## What this task involves
Leaving out the pictures, return word for word the stretch of entries below from the line holding "Top Windows Wallpaper" through the line holding "A Moment Matrix".

## Data for the task
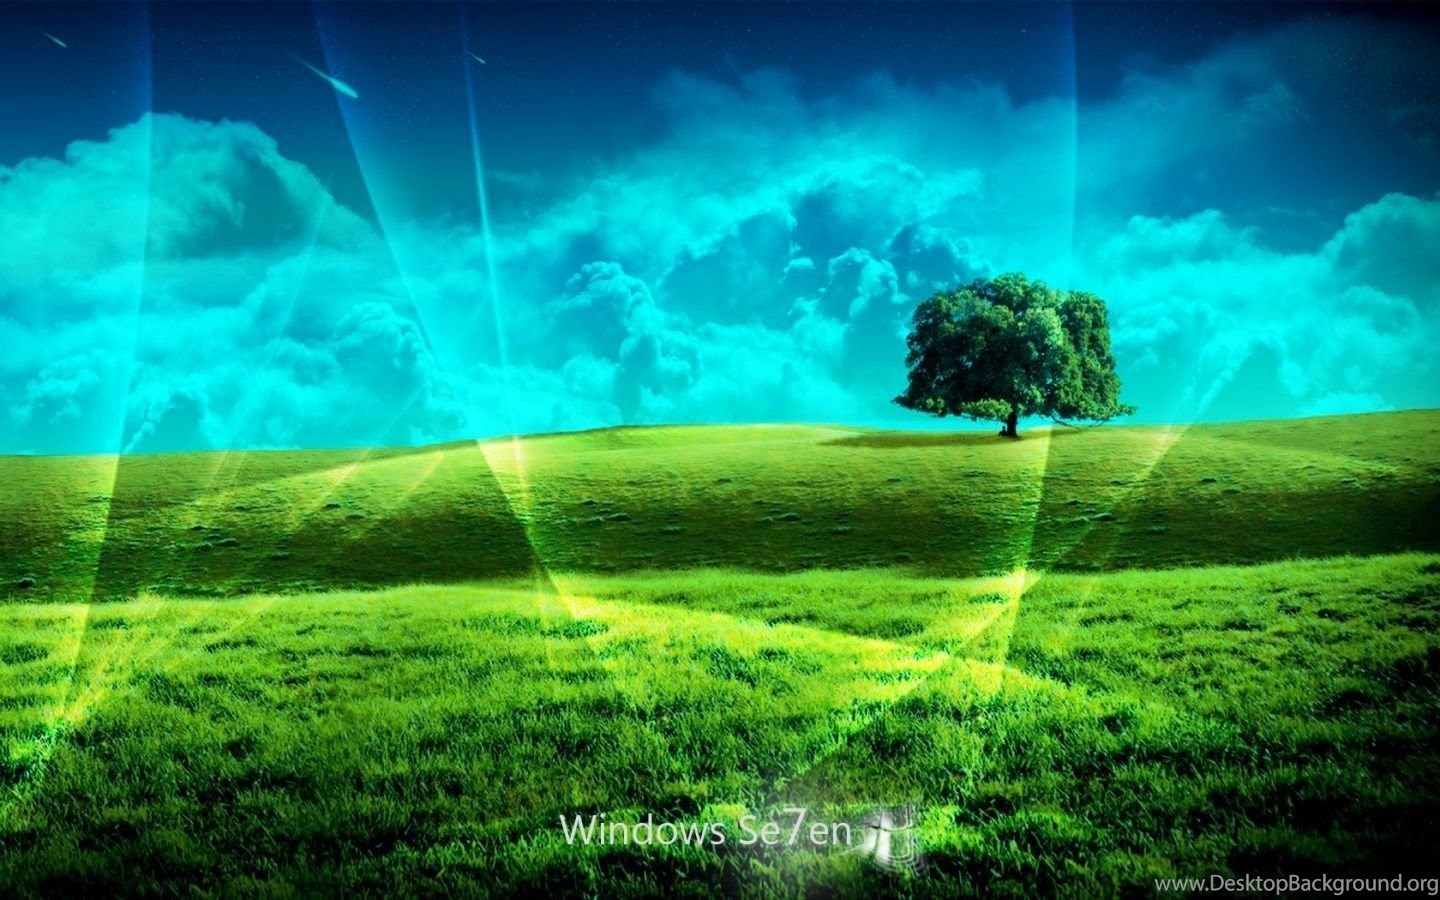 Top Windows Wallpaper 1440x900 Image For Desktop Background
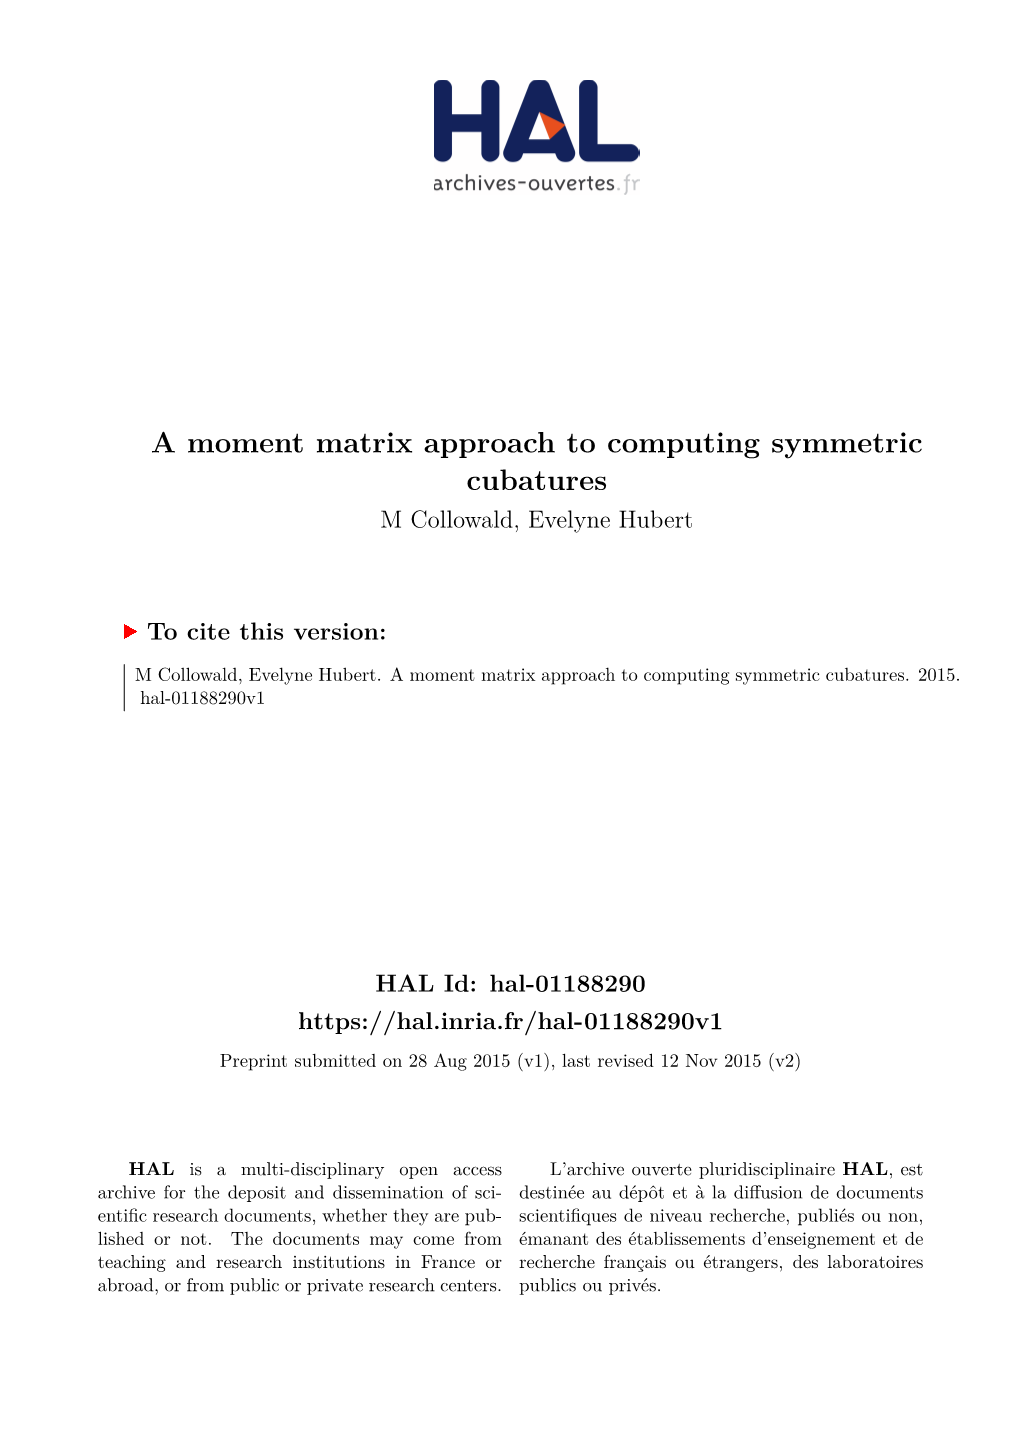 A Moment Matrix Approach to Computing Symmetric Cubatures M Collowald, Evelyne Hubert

--

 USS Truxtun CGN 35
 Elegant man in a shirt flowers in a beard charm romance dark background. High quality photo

## Your response
 Top Windows Wallpaper 1440x900 Image For Desktop Background
 A Moment Matrix Approach to Computing Symmetric Cubatures M Collowald, Evelyne Hubert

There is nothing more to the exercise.